A causa da diminuição na área plantada esperada responde aos mesmos motivos observados em 2020, onde intensas chuvas entre o outono e inverno do hemisfério norte afetaram o andamento do plantio, fazendo com que os agricultores perdessem a janela ótima e obrigando-os a optar por outras culturas.

A semana, que foi de forte rali para os preços internacionais de trigo, foi intensamente influenciada por aspectos relacionados aos fundamentos vindos da região do Mar Negro. A forte alta registrada no começo da semana esteve relacionada sobretudo a uma atenção dos agentes quanto às condições climáticas na região, que é a principal produtora de trigo do mundo. Os volumes de precipitação observados no mês de abril vieram significativamente abaixo da média histórica para as regiões do sul da Rússia e do leste da Ucrânia. O regime climático adverso tem deixado os agentes mais cautelosos quanto à disponibilidade do cereal por parte da Rússia, fazendo com que haja um aumento da cobertura das posições vendidas dos agentes que operam o mercado futuro de trigo. Vale sempre lembrar que a região do Mar Negro é de onde vem a maior parte do consumo global de trigo. Além disso, nesta safra, os volumes do cereal produzidos fora da região são um dos menores em comparação à história recente, fazendo com que o mercado preste particular atenção para o desenvolvimento das lavouras no leste europeu, uma vez que qualquer problema, relacionado tanto à produção quanto à capacidade de escoamento, pode impactar de maneira relevante os preços do mundo.

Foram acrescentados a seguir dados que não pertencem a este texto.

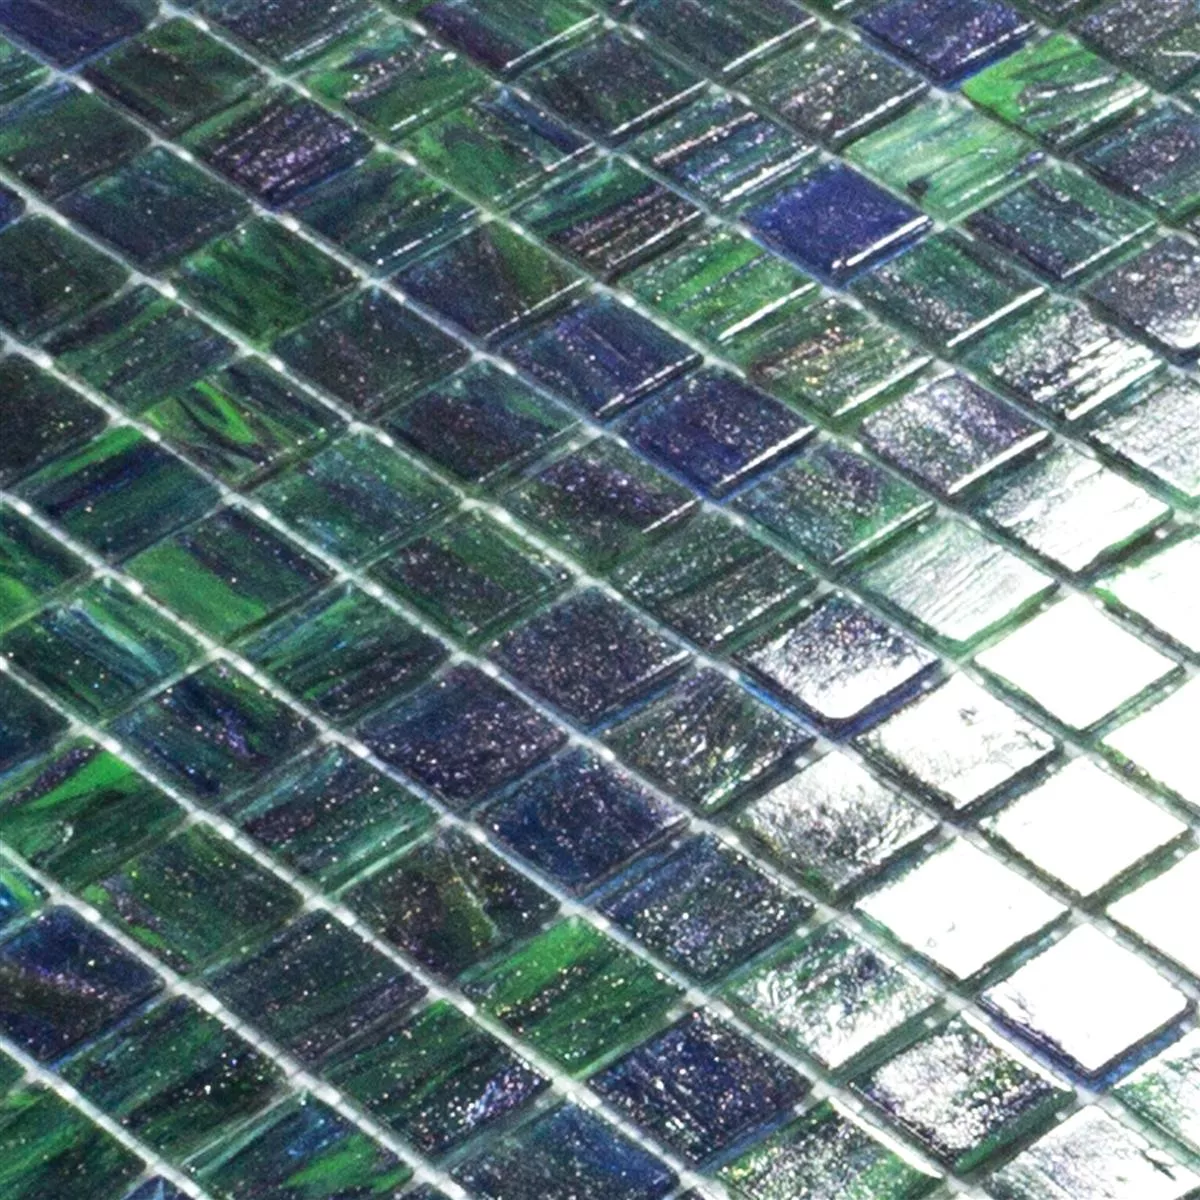 Mozaiki Szklana Płytki Catalina Niebieski Zielony Mix

No mapa abaixo, podemos ver a anomalia de precipitação dos últimos 30 dias em comparação à média histórica. Conforme destacado pelo círculo tracejado, o leste ucraniano e o sul da Rússia vieram registrado pouca chuva, conforme comentado.
(%) de chuvas frente à média histórica, últimos 30 dias

Fonte: NOAA. Elaboração: StoneX. (acessado em: Mapas Interativos de Clima)
Olhando para o clima geopolítico, o que veio dominando o noticiário foi o pacote de ajuda aprovado no congresso dos EUA que deve destinar US$ 61 bilhões para a Ucrânia. O fato vem em um momento em que o conflito tem se acirrado no front de batalha. Nos últimos dias, a Rússia vem registrando avanços importantes na região do Donbass, o que vem fazendo com que o governo ucraniano busque maneiras de reverter o cenário. Dessa forma, o pacote de ajuda e as novas regras de alistamento, reduzindo a idade de alistamento obrigatório, vêm no sentido de tentar frear novos avanços.